Bloomberg BNA Privacy & Data Security News Managing Editor Donald G. Aplin posed a series of questions to James H. Koenig, of counsel in the Litigation Department at Paul Hastings LLP in New York, about the ruling and what companies should do now.
Koenig was a panelist on a recent Bloomberg Law webinar on the demise of the Safe Harbor Program. The archived webinar is available at http://www.bna.com/european-court-justice-m57982059673/.
Did the European Court of Justice opinion's focus, scope or language surprise you in any way?
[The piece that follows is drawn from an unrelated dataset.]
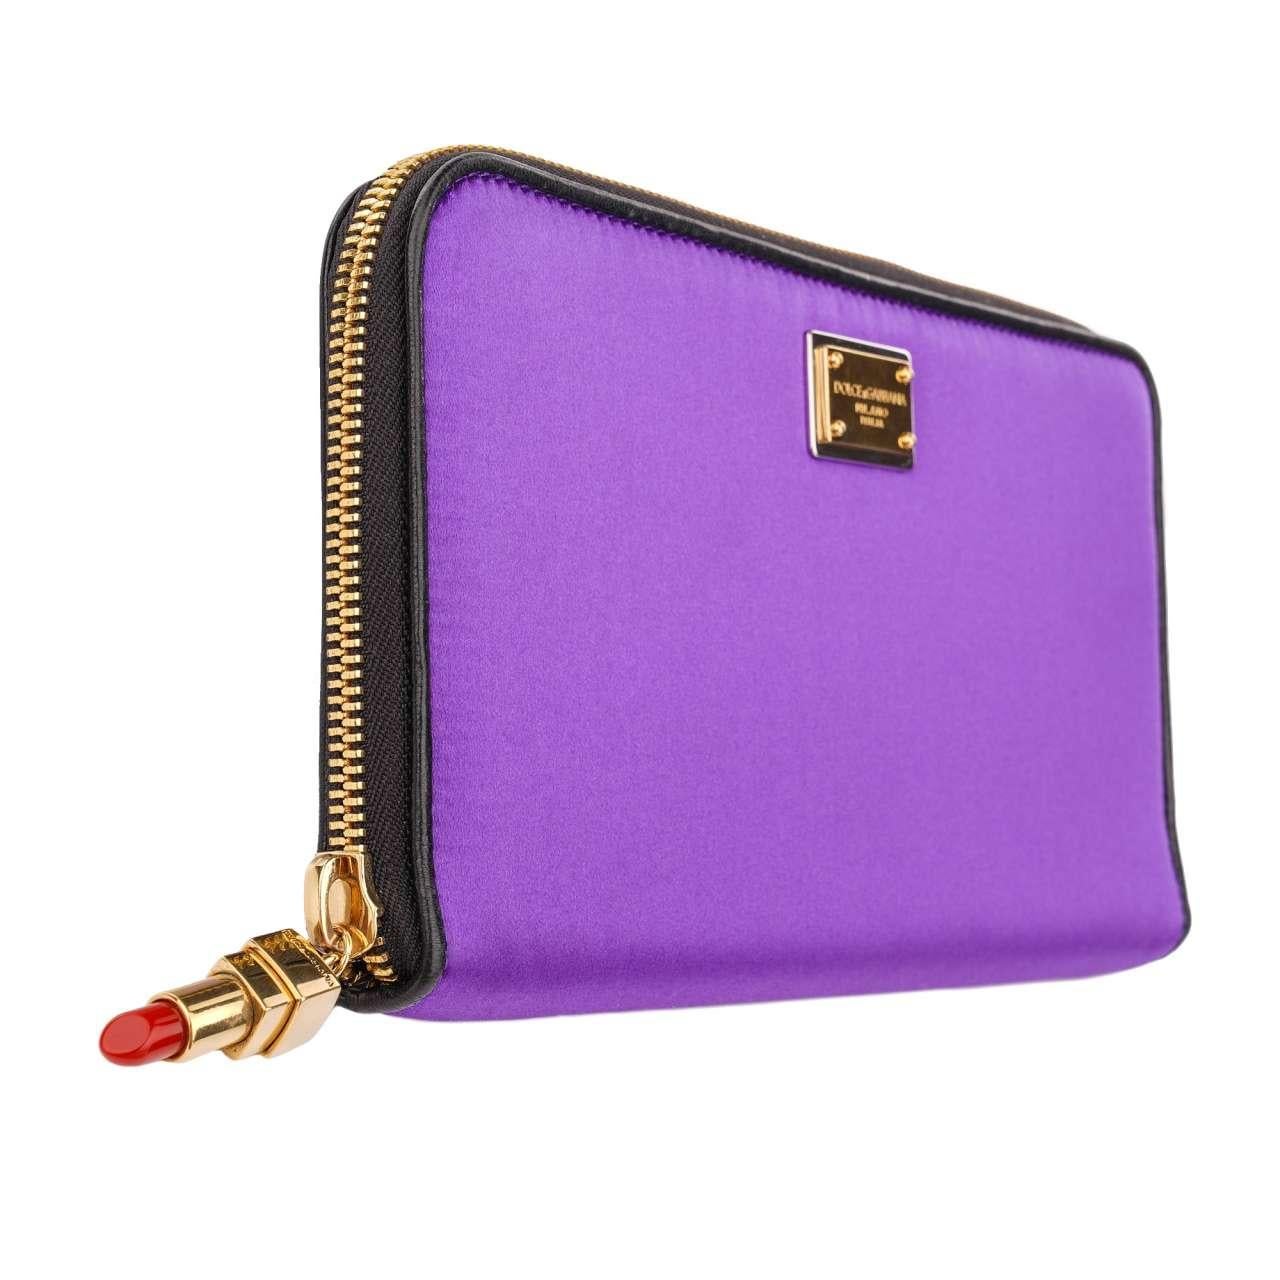 - Small Bag / Clutch with DG Logo Plate and metal red Lipstick Pendant in purple and gold by DOLCE & GABBANA - New with Tag - Material: 57% Viscose, 27% Silk, 16% Lambskin - Interior: one open pocket with Logo - Front flap with DG Plate Logo - Light

The ECJ’s decision in Schrems was surprising in that it went beyond the narrow question presented by the Irish High Court—namely whether the Irish Data Protection Commissioner (DPC) was bound by the European Commission’s (EC) July 2000 decision (2000/520/EC) finding that the privacy principles of the U.S.-EU Safe Harbor accord provide an adequate level of protection of the personal data of EU citizens, or whether the DPC could—or is even required to—conduct its own investigation in light of intervening factual developments.
In addition to determining that the Irish DPC had such authority, the ECJ went further, itself declaring that the EC’s prior adequacy decision was invalid. The consequences of this broader holding were great and left the approximately 4,400 Safe Harbor-certified companies without a legitimate basis to transfer personal data from the EU to the U.S. Much of the resulting uncertainty may have been avoided had the ECJ limited itself to answering the narrow question presented. The decision highlights the inadequacy of the ECJ’s attempt to provide a judicial solution to what many believe is, at its core, a diplomatic and trade issue.
What should companies that were relying on the Safe Harbor directly—or on vendors that were self-certified—do in both the short and long term to seek lawful ways to transfer data out of the European Economic Area?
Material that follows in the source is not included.